As for how to set up comprehensive backup procedures, this will vary a lot based on the needs of the specific company and what critical assets cannot afford to be lost to the encryption algorithms employed by ransomware operators. There are plenty of commercial options that promise mindless scheduled backup and restoration, but for a small number of critical assets a dedicated sysadmin could just as easily script out automated backups.

4. Continuous monitoring

The third critical step in dealing with ransomware is to have a cohesive continuous monitoring strategy. In order to effectively triage a ransomware attack, you need to know as soon as it happens to have the best chance at quarantining the infection to as few systems as possible. Part of this is in deploying network and system monitoring utilities, such as an IDS/IPS like Snort or Suricata, but it applies more generally to having extensive visibility into your environment. Effectively responding to a ransomware attack requires insight into what is on your network, how critical those assets are to business operations, and how well those assets are secured. This leads us nicely into our last tip.

5. Know your numbers

Knowing your digital environment is crucial in both planning for future attacks as well as responding to current threats. Having real-time visibility into how your cybersecurity team is performing on a daily basis is critical in securing your infrastructure since all it takes is a handful of mistakes or misconfigurations to open a gap in your defensive perimeter. Tracking cybersecurity performance indicators gives executives and key decision makers all the information they need to craft targeted strategic security initiatives that have a measurable impact on the cyber security hygiene of the organization as a whole.

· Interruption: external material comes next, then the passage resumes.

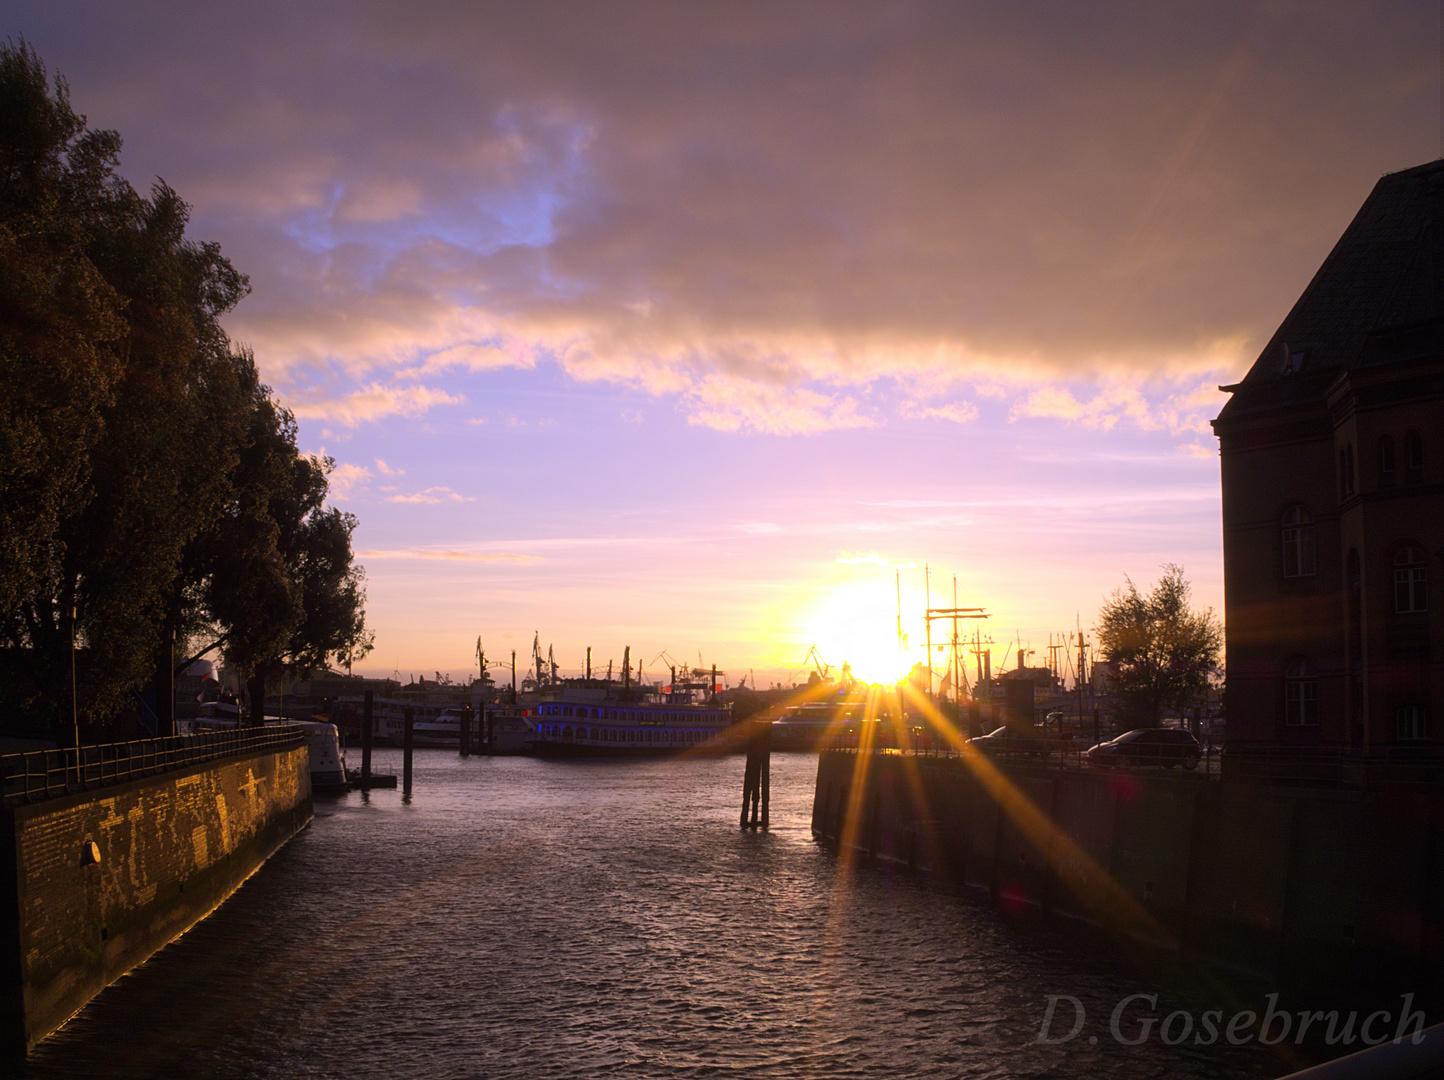 Der Sonnenuntergang in Hamburgs Speicherstadt
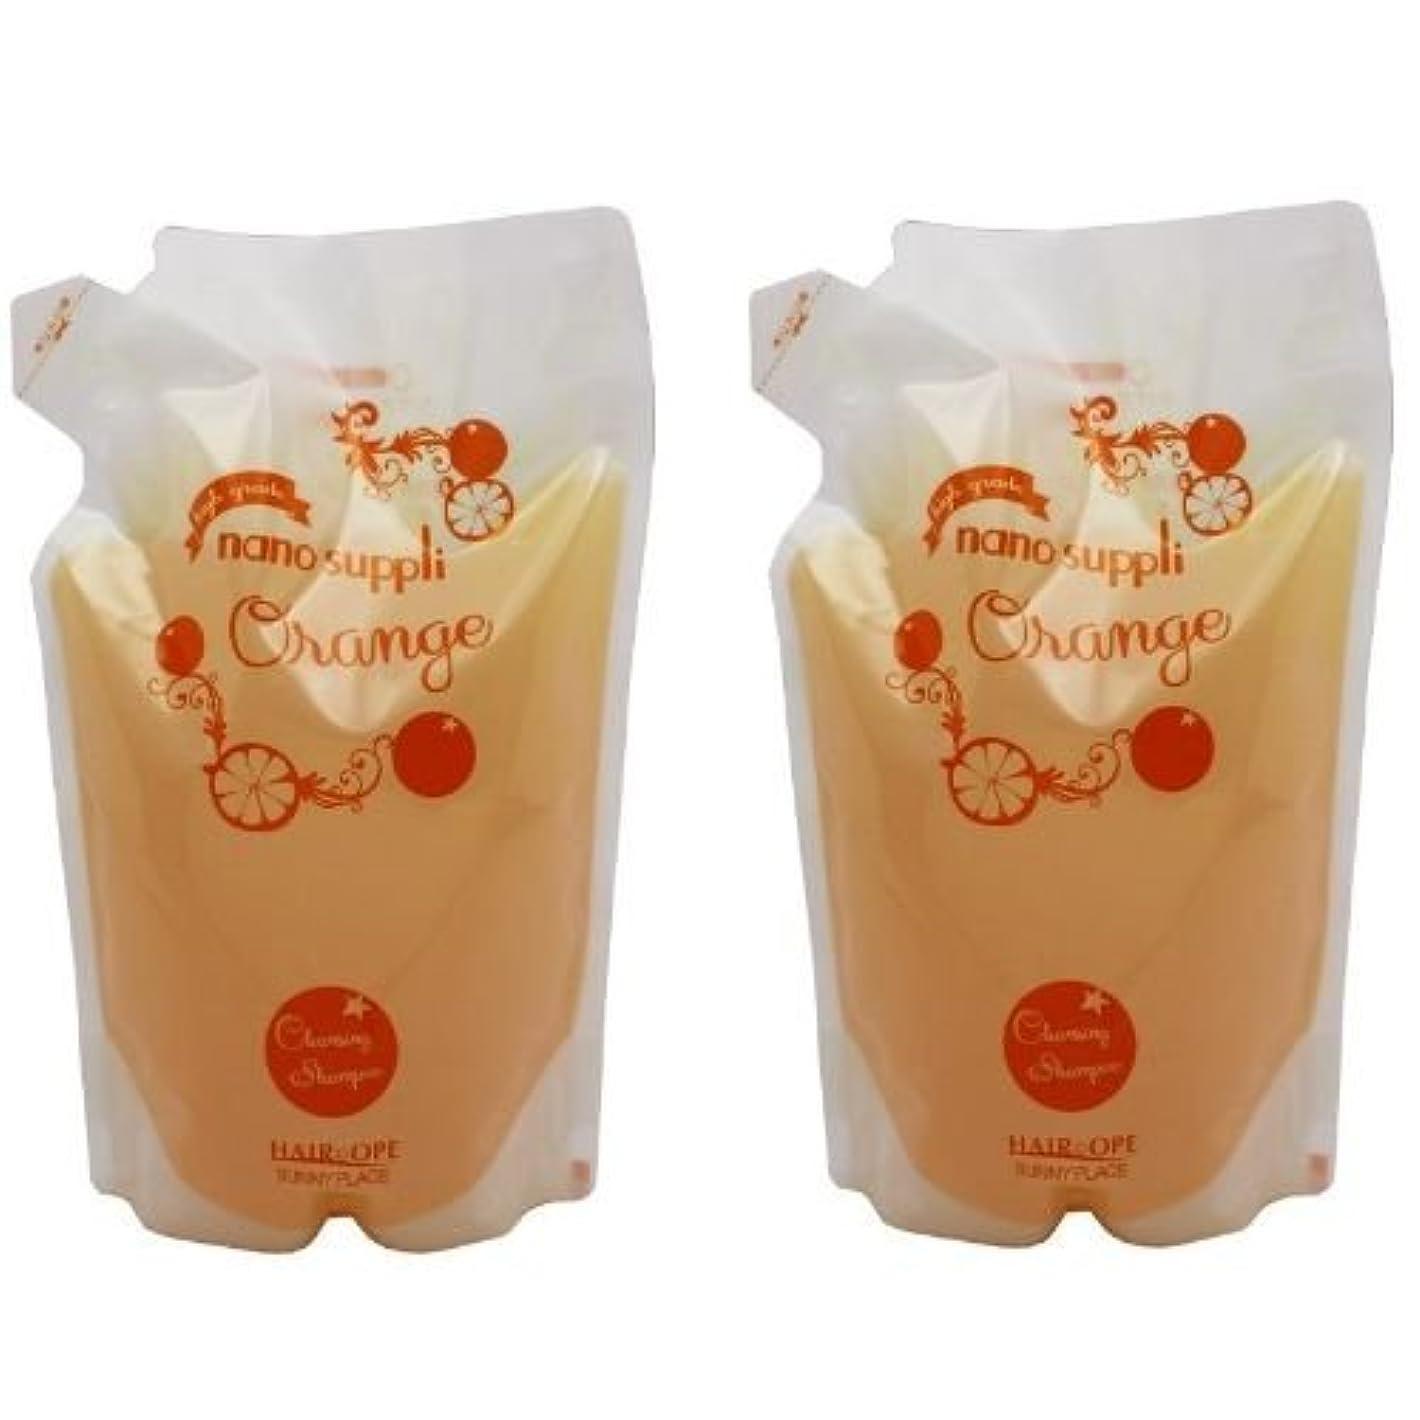 快い昼食しないでください【X2個セット】 サニープレイス ナノサプリ クレンジングシャンプー オレンジ 800ml 詰替え用

These are just the tip of the iceberg when it comes to securing your organization against ransomware. They are our top 5 considerations for mediating the risk posed by ransomware, but if it were easy then ransomware wouldn’t be keeping CISOs up at night. At the end of the day, cybersecurity is a game of preparation. It’s about identifying cybersecurity risks, determining reasonable solutions to mitigate the harm, and putting into place processes that will minimize the financial harm from an eventual security incident. If you plan your security poster to respond to an inevitable attack, your business will be far better off when that day comes than one that became complacent thinking that their defenses would always hold.